Nolan, who has drawn his material from American Prometheus: The Triumph and Tragedy of J. Robert Oppenheimer, the 2005 book by Kai Bird and Martin Sherwin, uses his filmmaking skills to make Oppie’s story the most compelling and unconventionally narrated biopic of recent times. There is a classic unobtrusive moment when Oppie, teaching a class with one student, turns from the blackboard to many more as his class swells. There are, of course, far more operatic sequences much later, like the big blast itself, silence giving way to deafening thunder as the infamous mushroom cloud rises.    

Oppenheimer’s life that climaxes with becoming the “father of the atom bomb” is told with such cinematic assuredness that what’s put together at Los Alamos is a chapter from history that you want to know. You hate what they’re going to do with humanity and yet you want to know.    

After bets are laid and nerves are on edge, when the nuclear test nicknamed Trinity finally explodes with success, there’s foot-stamping approval to jubilant cries of “Oppie, Oppie”. Truman is ecstatic, it was the “greatest scientific gamble and we have won”.

Scientists can only create but what’s done with the creation is in the hands of politicians. Oppie hesitates, the bomb is “a weapon of mass genocide”. Hitler’s dead but Japan won’t surrender; President Truman and his men want to end the war.    

But the story isn’t over. Oppie feels like Macbeth, he’s got blood on his hands. Truman wants that “cry baby” out. Patriotism on test, past associations with left-wing politics, national security, a mission that turns to misgiving, there’s plenty in store for the maker of the bomb who lived to see the carnage of his creation. Fortunately, Nolan does not go down the expected route of visually showing what happened in Hiroshima and Nagasaki and yet he makes his point effectively. 

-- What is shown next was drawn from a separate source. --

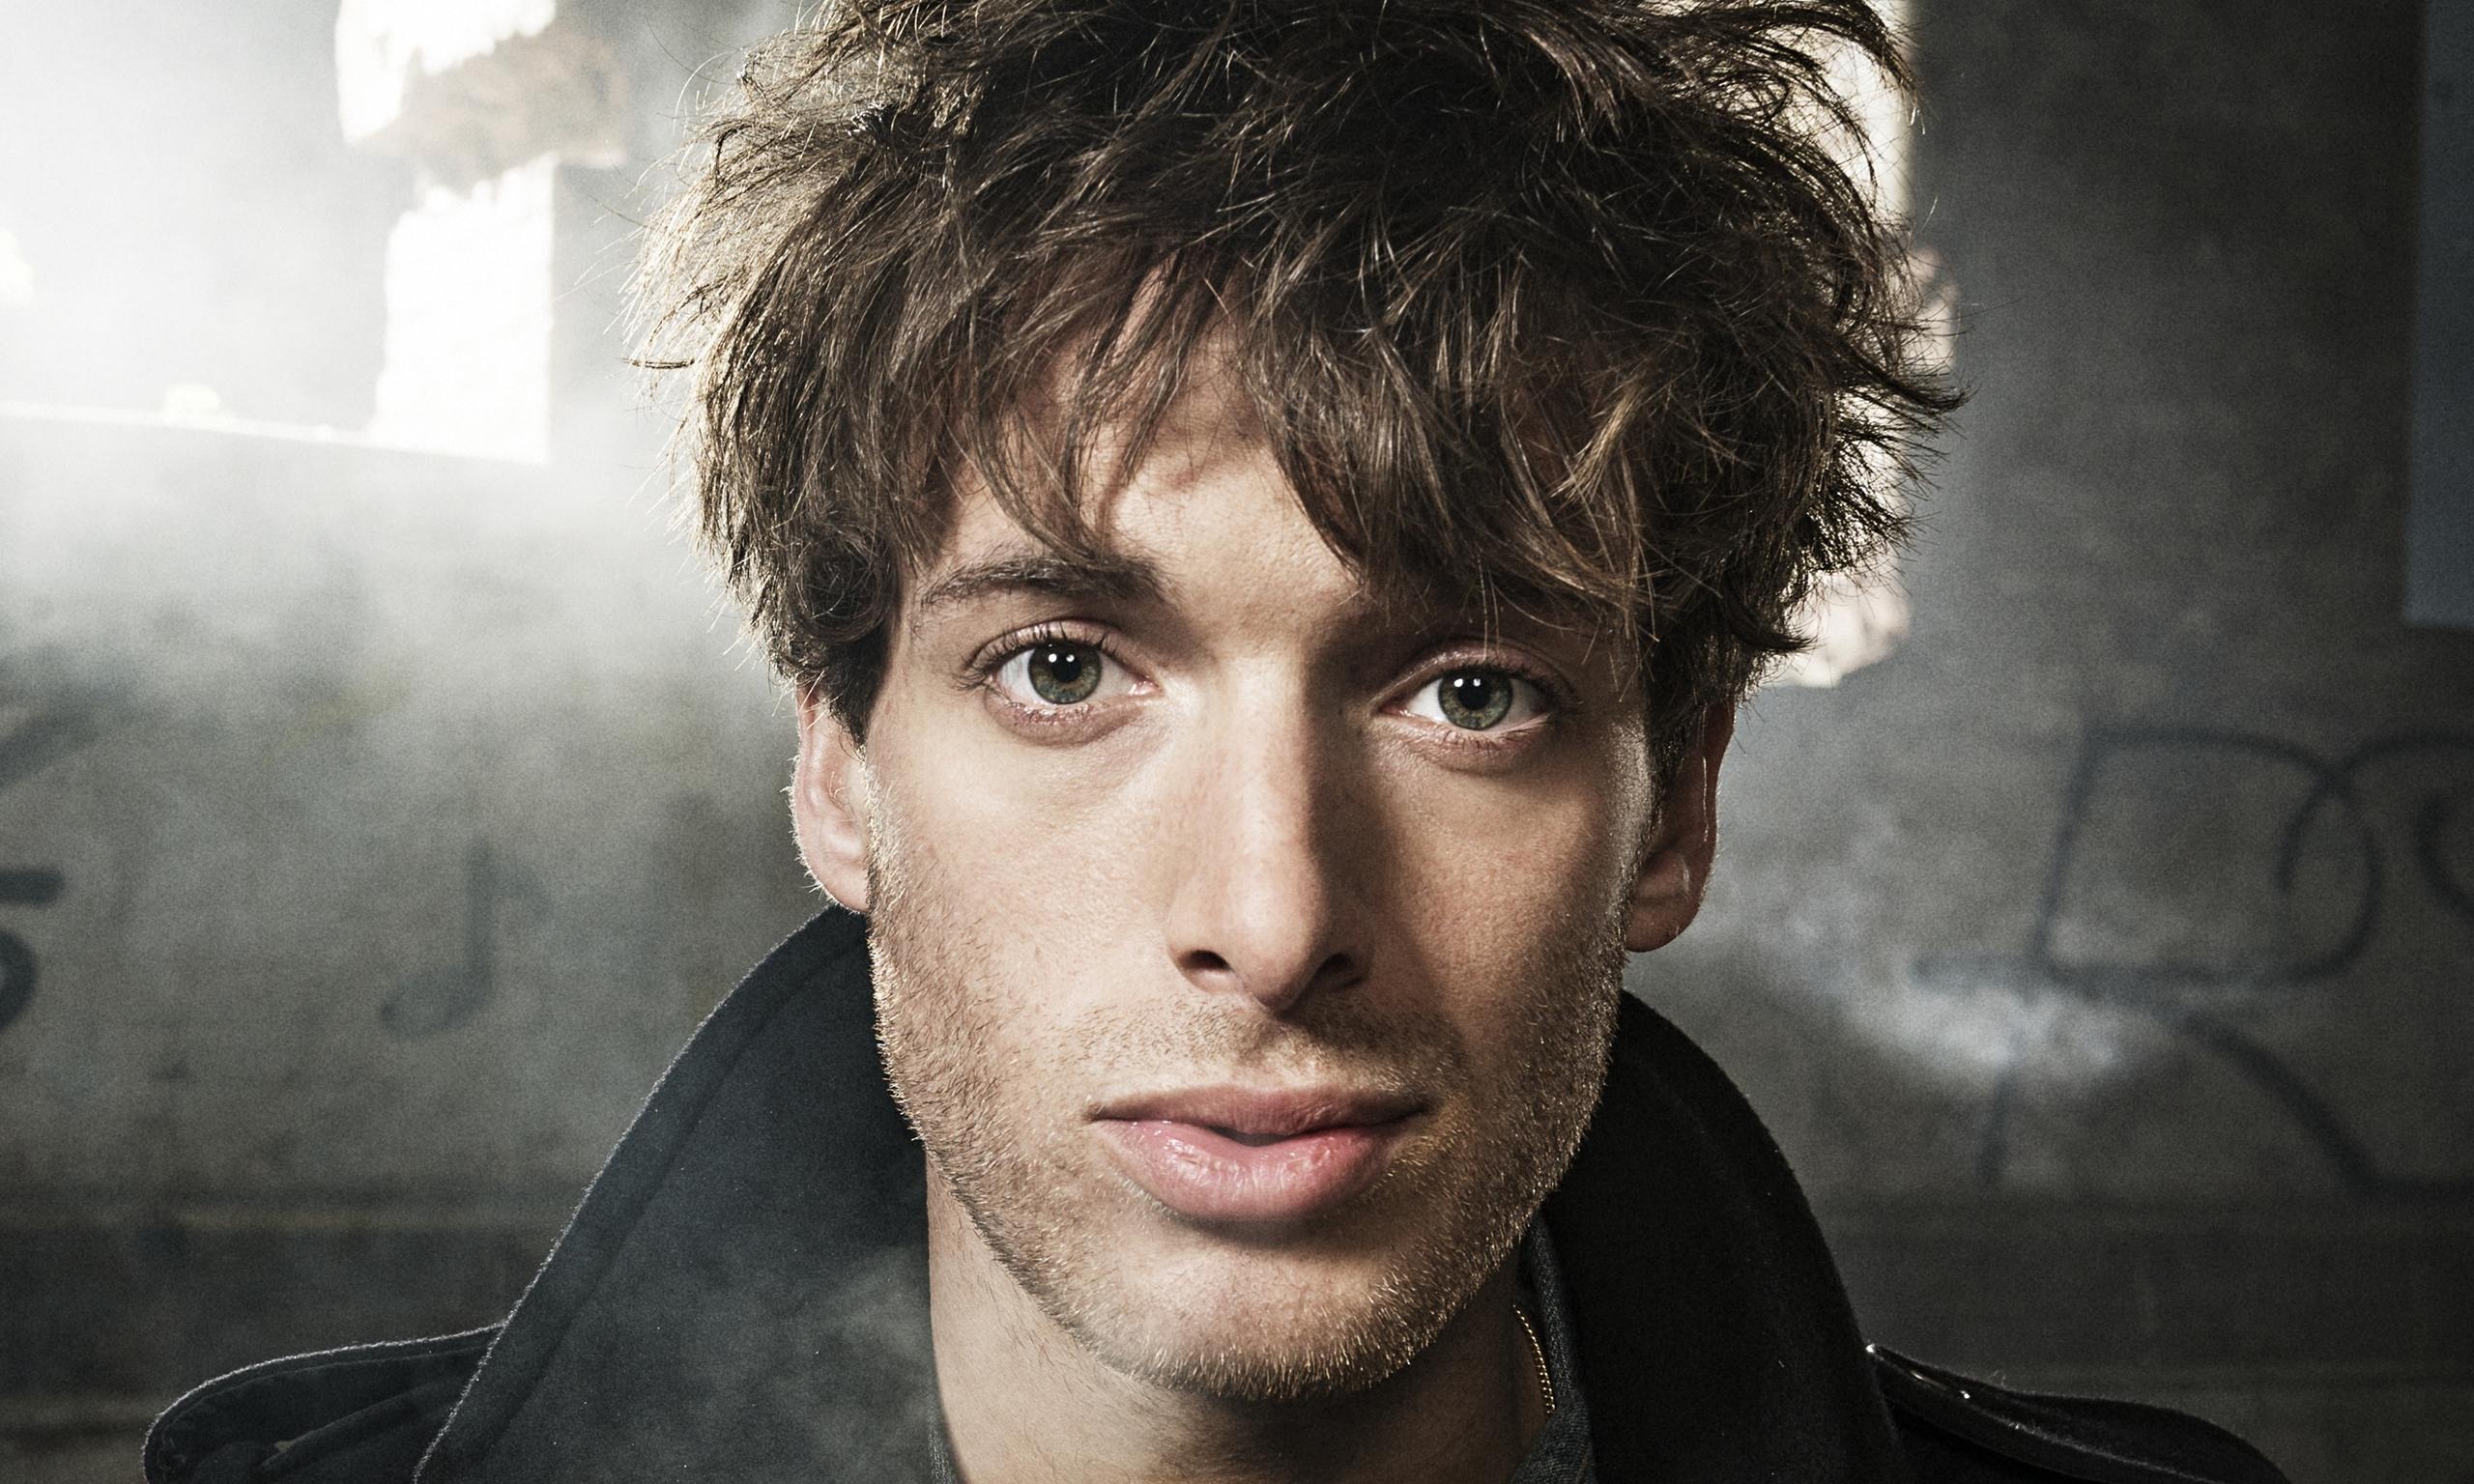 Paolo Nutini wallpapers, Music, HQ Paolo Nutini pictures | 4K Wallpapers 2019 2560x1540

With Cillian Murphy playing J Robert Oppenheimer almost like a conductor getting various pieces of the orchestra in sync, and several known faces like Robert Downey Jr (marvellously playing Lewis Strauss, the Chairman of the Atomic Energy Commission, antagonistic to Oppenheimer), Emily Blunt (as Kitty, Oppie’s wife), Matt Damon, Rami Malik and more, some walking in and out in miniscule parts, this is Christopher Nolan’s most relevant film. Because it’s much more than just Oppenheimer’s genius and guilt.

At one point, Truman says, “Japan couldn’t care less who built the bomb. They care about who dropped it on them and I dropped the bomb.”

It was a boast. But Oppenheimer also serves as a documentation of America that stands indicted as a super-power that killed hundreds and mutilated generations to come.  

This is unmissable Nolan cinema that is unfortunately also a piece of history that can’t be shut away.